I may not have been precise enough. Yes. I do know about the movie Dog Day Afternoon. And I have heard the phrase. I meant to wonder if anyone actually used the phrase. And specifically for a heat wave -while it is occurring. The French English dictionary shows scorcher for a definition. I’d say scorcher before I’d say dog days.
Nope, not Windows 10. Or even 7. The living room windows. And not for the breeze, for the light on a cloudy day. No. For the silence.
Seems contradictory? I have been watching Chasseurs d’Appart on French TV. And the people looking for the apartments or houses all open the windows to hear the noise! How much street noise will bother them?
For me, it’s time to open the windows because the workers across the street are on lunch break! An occasional motorcycle or truck is nothing to the RRRR beep beep that goes on.

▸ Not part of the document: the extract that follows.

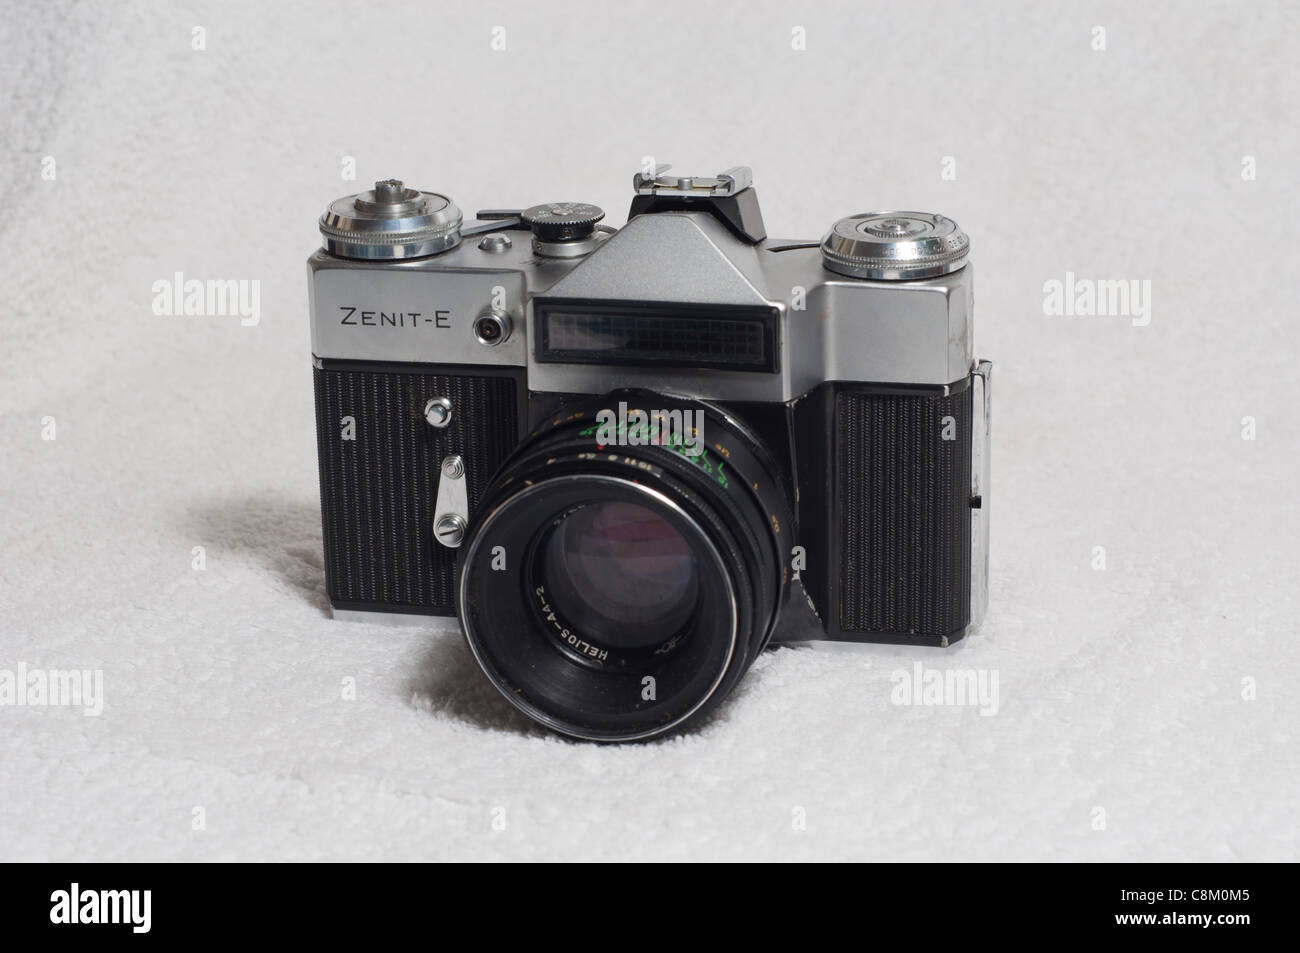 Zenit-E is a 35mm film SLR made by KMZ Stock Photo

I was excited yesterday when I looked down to see no dumpsters! That seemed to signal that they had reached the end of clearing out the building of miscellaneous dirt and bricks. Finally! But no. This morning at 7:30 which is legally the earliest they can make noise there was big truck noise and lots of backing up beeps. A huge truck delivering not one but two dumpsters. Sigh.
Fortunately, the heat wave has melted away and it is in the 70s and possible for me to close the windows on the street side to block out some of the noise.
Speaking of heat wave, the French call it canicule which in my French English dictionary translates to Heat wave or Scorcher. A British friend of a French friend told her it was dog days… when it gets really hot. We had a brief argument because I said that was not the translation. She said cani comes from dog… so dog days sounded right. On further research, dog days of summer refers to the time when the Dog Star, Sirius, shows up again in the night sky – in the summer. So my question for you, dear reader, do you ever use that expression the dog days?
Thanks for your participation. And by the way, while my friend and I stood in line for the David Hockney Retrospective at the Centre Pompidou, we wondered why the lines were so long. What were so many people coming to see? I suggested we ask the gentleman in front of us. He had started a conversation with us to ask the time – he was waiting for his wife to join him. But my French friend said no we can’t ask. I asked her why. Seems harmless to me. She said it was impolite, it seemed nosey. Hmm. I tried to turn it into a sonndage – a survey. But she wasn’t buying it.
And why am I at home during the day anyway? It’s Paris, after all! Well, today Ikea is supposed to call me to tell me the time they will deliver the mattress tomorrow. I am carrying my phone around in my hand. And I am to apprehensive to take it outside and maybe end up in a SFR (read AT&T) dead zone and miss the call. It’s bad enough they will speak French and they will use numbers! In French! Yikes.
I do not want to miss the new bed. I have been waiting almost two months.